[1/4] libgomp/gcn: parallelize initializing threads of a team

Message ID 20260505134929.3522938-2-aarsenovic@baylibre.com
State New
Headers
Series GCN: Target offload overhead improvements, batch 2 |

Commit Message

Arsen Arsenović May 5, 2026, 1:14 p.m. UTC
  Currently, libgomp performs initialization of all threads in a team
in its lead thread, and then releases all threads to do work.  This
means that, before reaching the release, each thread is doing nothing,
waiting for the lead threads to do lots of thread initialization
operations.

This initialization is identical for each thread.
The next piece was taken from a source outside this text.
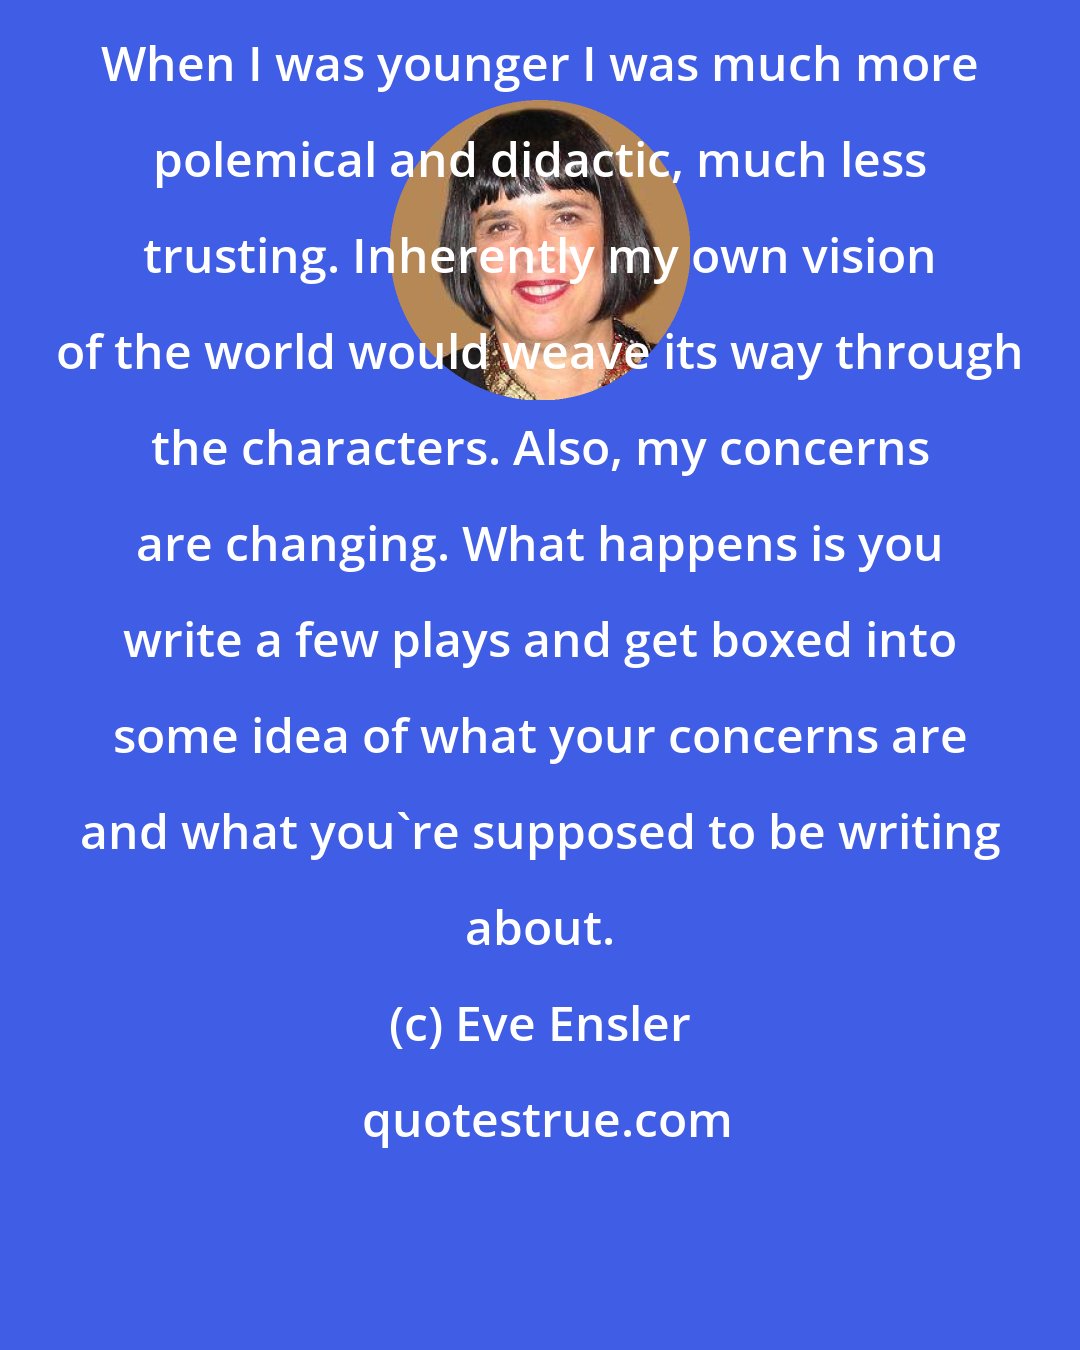 Eve Ensler: When I was younger I was much more polemical and didactic, much less trusting. Inherently my own vision of the world would weave its way through the characters. Also, my concerns are changing. What happens is you write a few plays and get boxed into some idea of what your concerns are and what you're supposed to be writing about.

We can parallelize it by performing this initialization in each thread,
after releasing each.  This allows the threads of a team to be released
near-immediately, which should cut team startup time roughly by just
under the number of threads.

In order to achieve this, the lead thread prepares the parameters each
thread needs for initialization by copying them into an object each will
be able to read from, and only initializes each remaining thread in the
team with a few pointers.

No functional changes intended in this commit.

libgomp/ChangeLog:

	* libgomp.h (struct gomp_thread_start_data): New struct.  Holds
	thread-independent parameters needed to initialize current
	thread.
	(struct gomp_team): On GCN, add thr_start_data field, that holds
	a gomp_thread_start_data to be used in each thread.
	(struct gomp_thread): Add start_data field, that points to
	thread initialization parameters.
	* config/gcn/team.c (gomp_team_start): Move thread
	initialization steps into ...
	(gomp_prep_our_thread): this new function, such that it reads
	from a gomp_thread_start_data object.
	(gomp_thread_start): Call the above to initialize our thread.
---
 libgomp/config/gcn/team.c | 121 +++++++++++++++++++++++++-------------
 libgomp/libgomp.h         |  31 ++++++++++
 2 files changed, 112 insertions(+), 40 deletions(-)
  

Comments

Andrew Stubbs May 12, 2026, 10:30 a.m. UTC | #1
On 05/05/2026 14:14, Arsen Arsenović wrote:
> +  /* TODO(arsen): This should be part of a mechanism that allows us to override
> +     nthreads-var with OMP_NUM_THREADS.  But, we currently don't have access to
> +     that list on the device.
> +
> +     thr->task->icv.nthreads_var = ...;  */

The previous code did write to this field. Why does the new thread not 
do at least the same? (This does not seem like "no functional changes".)

Here's the old code:

> -  nthreads_var = icv->nthreads_var;
> -  gomp_init_task (thr->task, task, icv);
> -  team->implicit_task[0].icv.nthreads_var = nthreads_var;

I did not see any other issues in this patch.

Andrew
  
Arsen Arsenović May 12, 2026, 10:42 a.m. UTC | #2
Andrew Stubbs <ams@baylibre.com> writes:

> On 05/05/2026 14:14, Arsen Arsenović wrote:
>> +  /* TODO(arsen): This should be part of a mechanism that allows us to override
>> +     nthreads-var with OMP_NUM_THREADS.  But, we currently don't have access to
>> +     that list on the device.
>> +
>> +     thr->task->icv.nthreads_var = ...;  */
>
> The previous code did write to this field. Why does the new thread not do at
> least the same? (This does not seem like "no functional changes".)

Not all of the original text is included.